Fitch's Knowability Paradox

[Cornelius]

Hi guys!

Have any of you encountered Fitch's Knowability Paradox [Wikipedia link]? It's actually a really interesting little idea that (supposedly) there are unknowable truths or else knowing ANY truth means the knower is omniscient. Here's the modal logic from the wiki:

This can be formalised with modal logic. K and L will stand for known and possible, respectively. Thus LK means possibly known, in other words, knowable. The modality rules used are:

(A)	Kp → p	– knowledge implies truth.
(B)	K(p & q) → (Kp & Kq)	– knowing a conjunction implies knowing each conjunct.
(C)	p → LKp	– all truths are knowable.
(D)	from ¬p, deduce ¬Lp	– if p can be proven false without assumptions, then p is impossible (which is equivalent to the rule of necessitation: if q=¬p can be proven true without assumptions (a tautology), then q is necessarily true, therefore p is impossible).

The proof proceeds:

1. Suppose K(p & ¬Kp)
2. Kp & K¬Kp	from line 1 by rule (B)
3. Kp	from line 2 by conjunction elimination
4. K¬Kp	from line 2 by conjunction elimination
5. ¬Kp	from line 4 by rule (A)
6. ¬K(p & ¬Kp)	from lines 3 and 5 by reductio ad absurdum, discharging assumption 1
7. ¬LK(p & ¬Kp)	from line 6 by rule (D)
8. Suppose p & ¬Kp
9. LK(p & ¬Kp)	from line 8 by rule (C)
10. ¬(p & ¬Kp)	from lines 7 and 9 by reductio ad absurdum, discharging assumption 8.
11. p → Kp	from line 10 by a classical tautology about the material conditional (negated conditionals)

The last line states that if p is true then it is known.
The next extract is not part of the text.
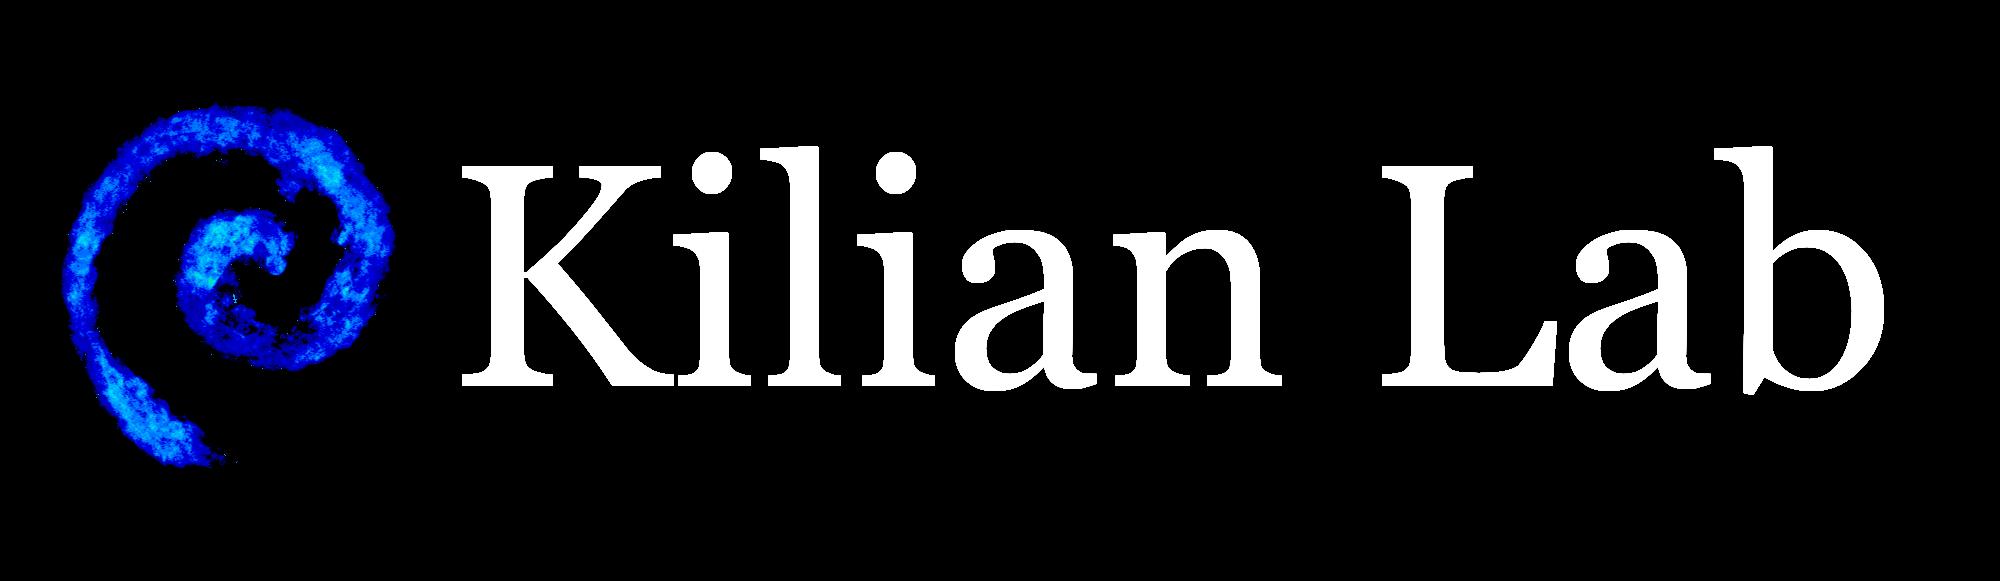 Dr  Kris Kilian - Kilian Lab

Since nothing else about p was assumed, it means that every truth is known.

It's very simple and makes you really go "Huh?" but I think the usual interpretation against omniscience is flawed for two reasons. First of all, the assumption that you can know and not know something at the same time is false. If you think about it, the moment you learn something, inevitably that moment in time is when you both know and don't know it. This is just a fancy Zeno Paradox of infinite midpoints but with time. Think of a ball you kick. The point at which your shoe ends and the ball begins is inevitably a single point in space, since space is continuous (that is, it can be infinitely "zoomed in" and you can never get to a smallest unit of space - proof of this is the Weyl Tile Argument and the fact that the Pythagorean theorem works in real life and not just on paper: otherwise a right triangle with equal legs measuring one unit would equal the hypotenuse! (like a king's movements in chess, where the diagonal squares are "1" square moves legally)). If this is true for space, then it must also be true for time seeing how the two are connected in Relativity.
Yet Line 1, which is translated as "I know (learn) a truth (p) that I didn't know ~Kp" means no one can ever learn, and exposes this, in my opinion, deficiency.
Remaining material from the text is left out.